AI models are sequences of MVMs. Every MVM lives in hardware via Ohm + KCL. Training needs gradients. Noise is both a problem and a solution. Fourier speeds up large convolutions. Quantization bounds bit depth. Information theory gives the theoretical ceiling.

This chapter shows that story end-to-end through a concrete exercise: build an MNIST classifier and see where each concept enters. You’ll close the chapter ready for Module 5 (Chip Hardware).

Intuition: 7 Concepts, 1 End-to-End Project

MNIST classification is simple: 28×28 grayscale handwritten digits → 10 classes (0-9).
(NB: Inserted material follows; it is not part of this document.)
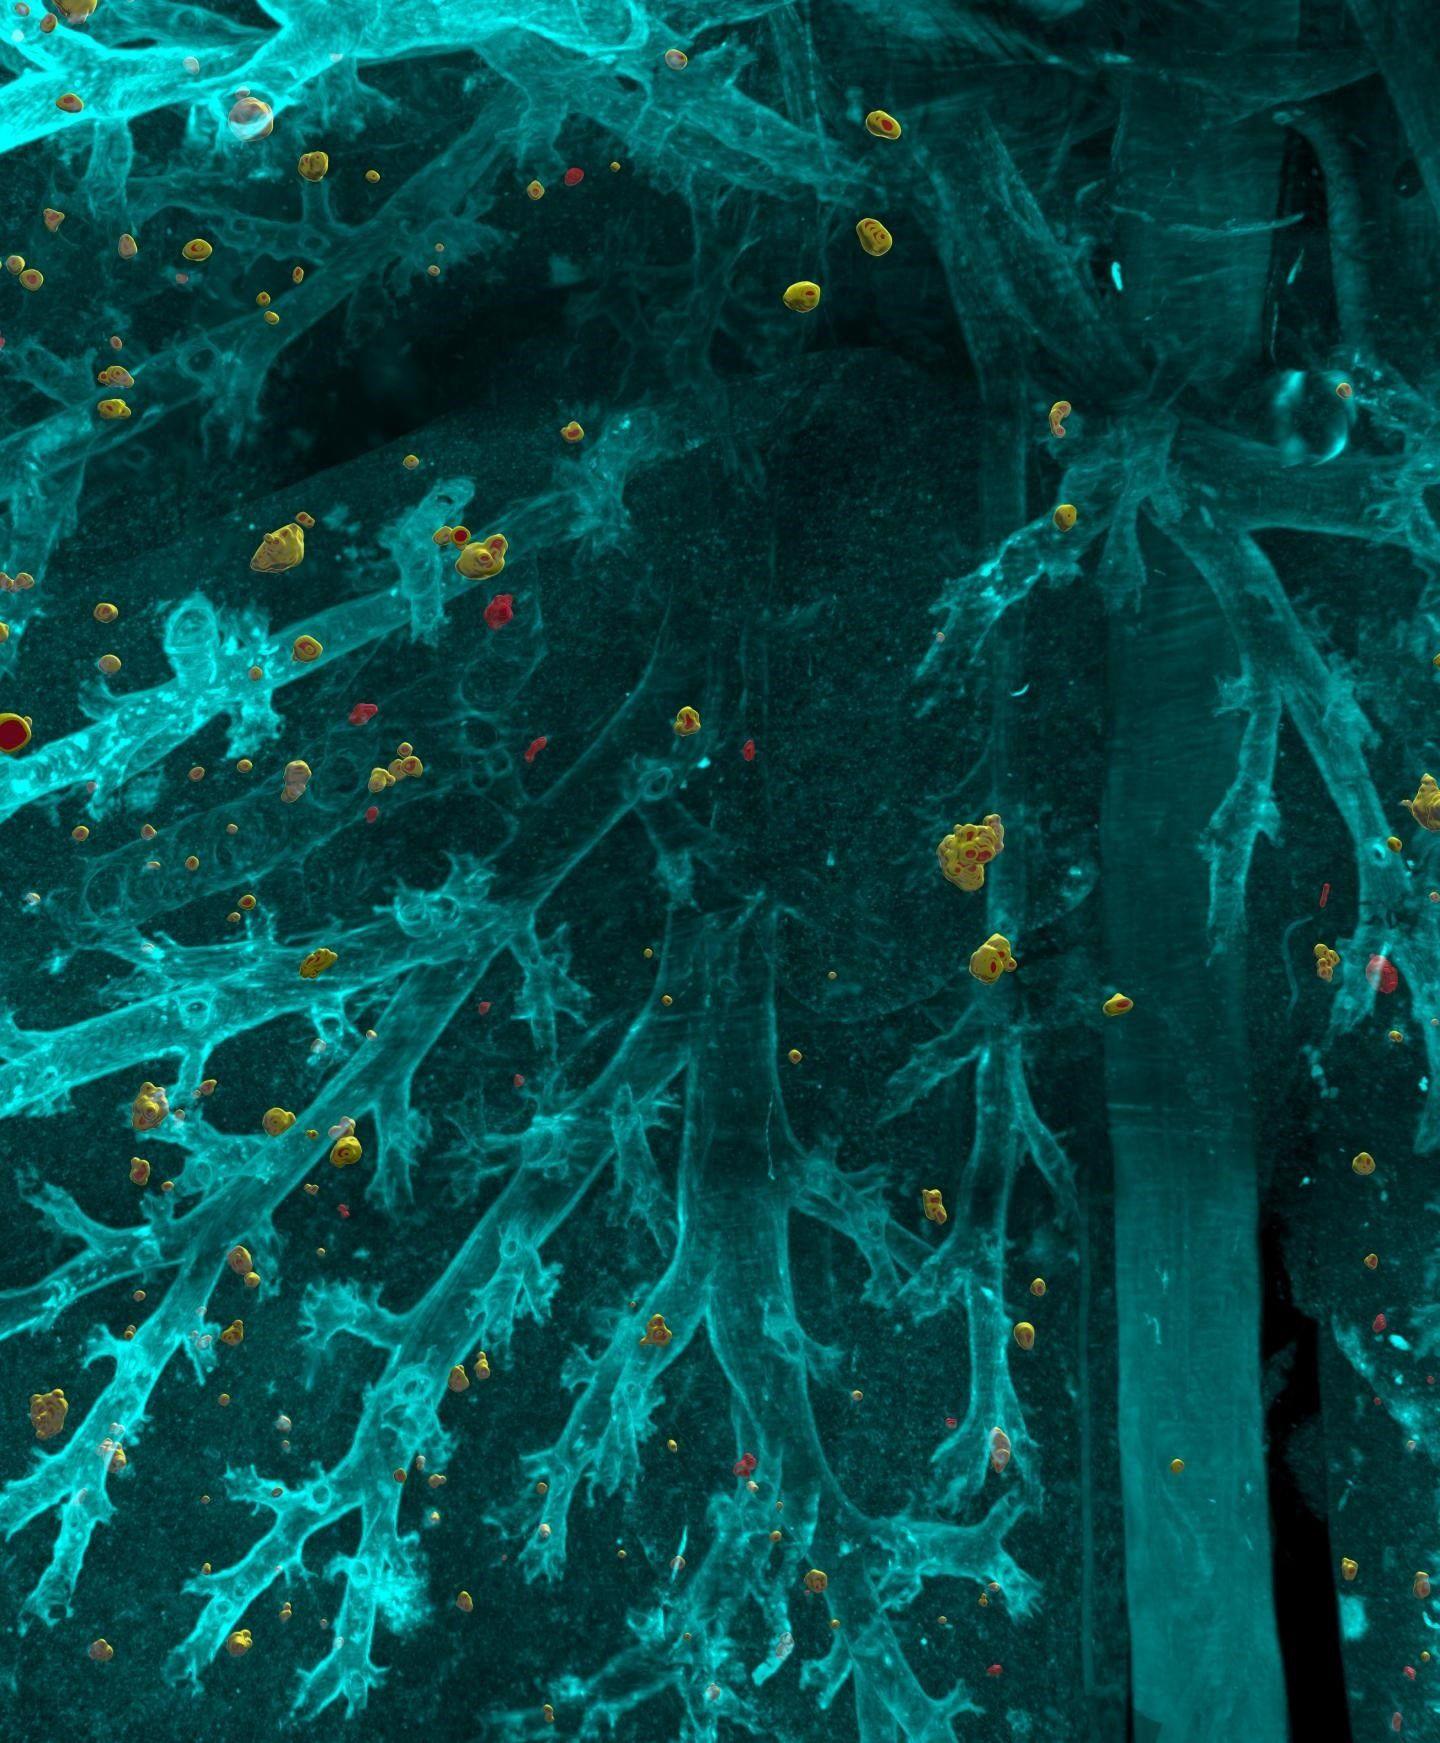 12/12/2019 Células cancerígenas individuales diseminadas que se extienden a través del pulmón. SALUD HELMHOLTZ ZENTRUM MÜNCHEN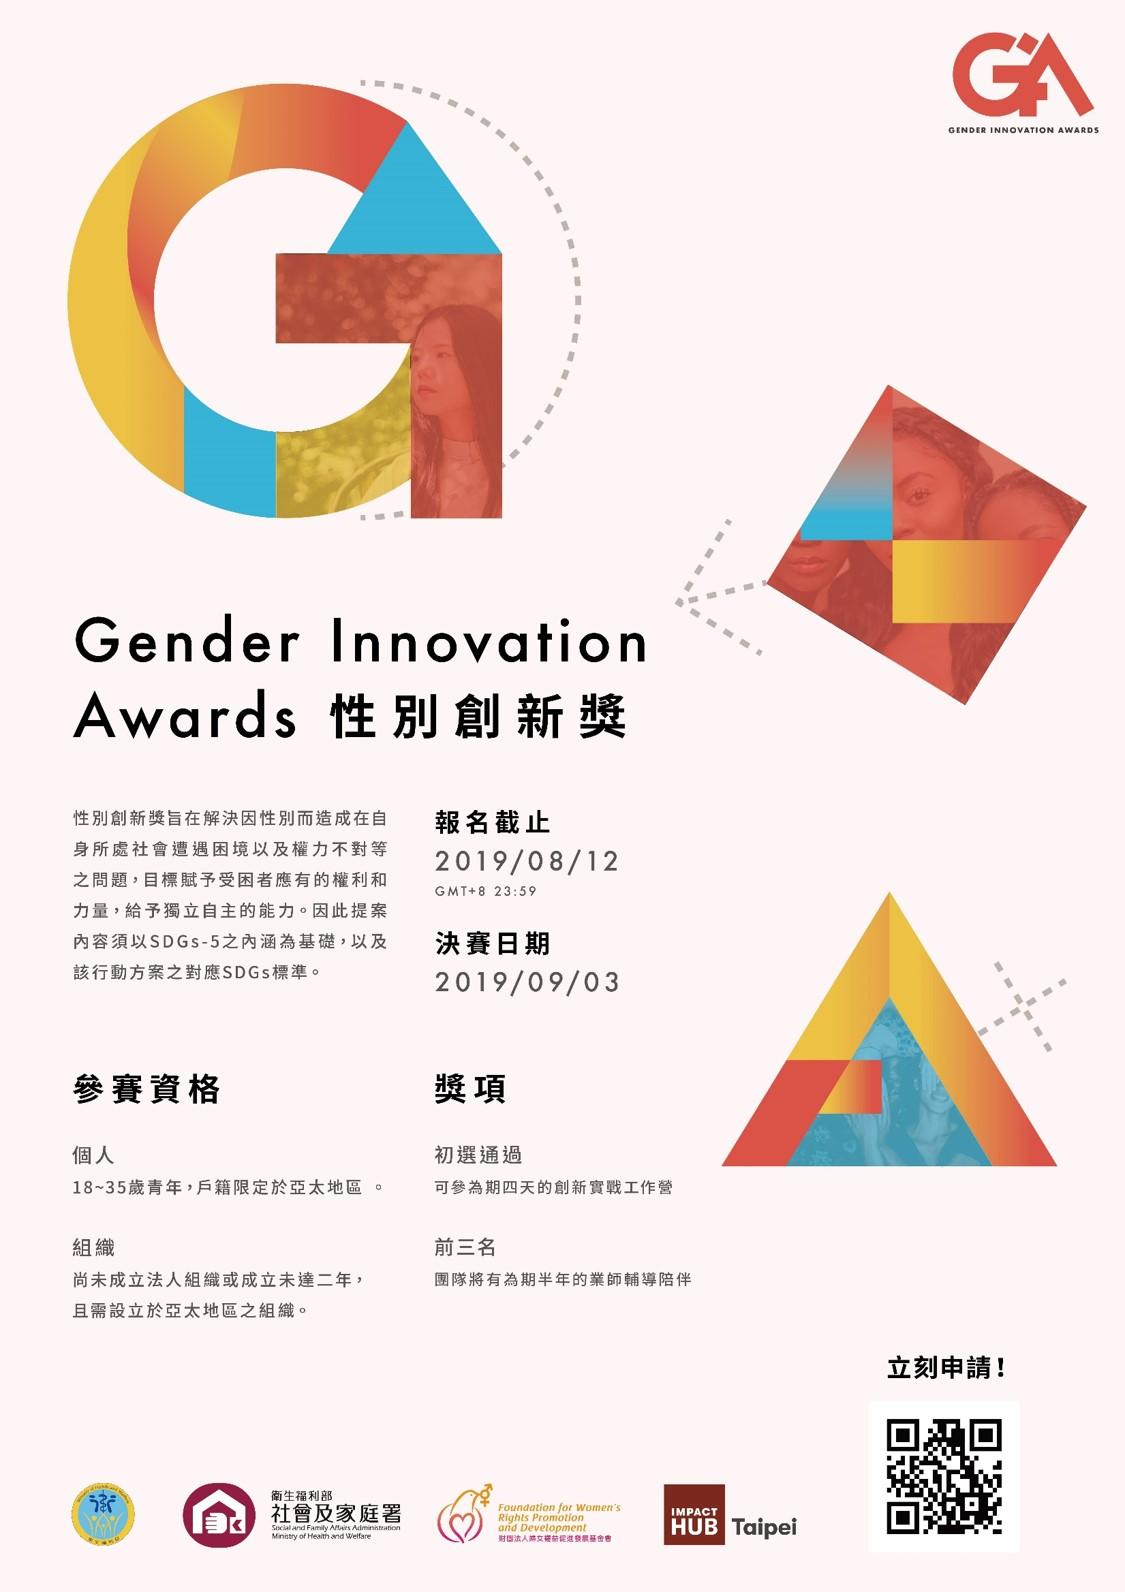 Gender Innovation Awards 性別創新獎(發佈日期20190725)

Mathematically, it uses every concept in Module 4:

Math (Module 4)	Where it appears in the MNIST pipeline
4.1 Vector/Matrix/MVM	Input (784-vector), weights (matrices), layer output
4.2 Ohm+KCL=MVM	Every MVM runs analog on the SIDRA crossbar
4.3 Derivative/Gradient	Training (backprop), loss minimization
4.4 Probability/Noise	Impact of SIDRA noise on classification
4.5 Fourier	(Absent in MNIST, but present in convolution)
4.6 Quantization	FP32 training → INT8 inference (SIDRA 256 levels)
4.7 Information theory	Cross-entropy loss, model capacity

Project structure:

Data preprocessing: pixels → vector → normalize.
Architecture: 2-layer MLP (784 → 128 → 10).
Training: SGD + backprop (on the GPU).
Quantization: FP32 → INT8 (for SIDRA).
Deploy: program the weights into the SIDRA crossbar.
Inference: analog MVM + CMOS activation + ADC.
Accuracy: expect 97-98%.

Formalism: End-to-End Math

L1 · Başlangıç

1. Data: MNIST image $\mathbf{x} \in \mathbb{R}^{784}$ , label $y \in \{0, 1, \ldots, 9\}$ .

Normalize: $\mathbf{x} \leftarrow (\mathbf{x} - \mu) / \sigma$ , with $\mu, \sigma$ from the training set.

2. Architecture:

First layer: $\mathbf{z}_1 = \mathbf{W}_1 \mathbf{x} + \mathbf{b}_1$ , $\mathbf{W}_1 \in \mathbb{R}^{128 \times 784}$ .

Activation: $\mathbf{h}_1 = \text{ReLU}(\mathbf{z}_1)$ .

Second layer: $\mathbf{z}_2 = \mathbf{W}_2 \mathbf{h}_1 + \mathbf{b}_2$ , $\mathbf{W}_2 \in \mathbb{R}^{10 \times 128}$ .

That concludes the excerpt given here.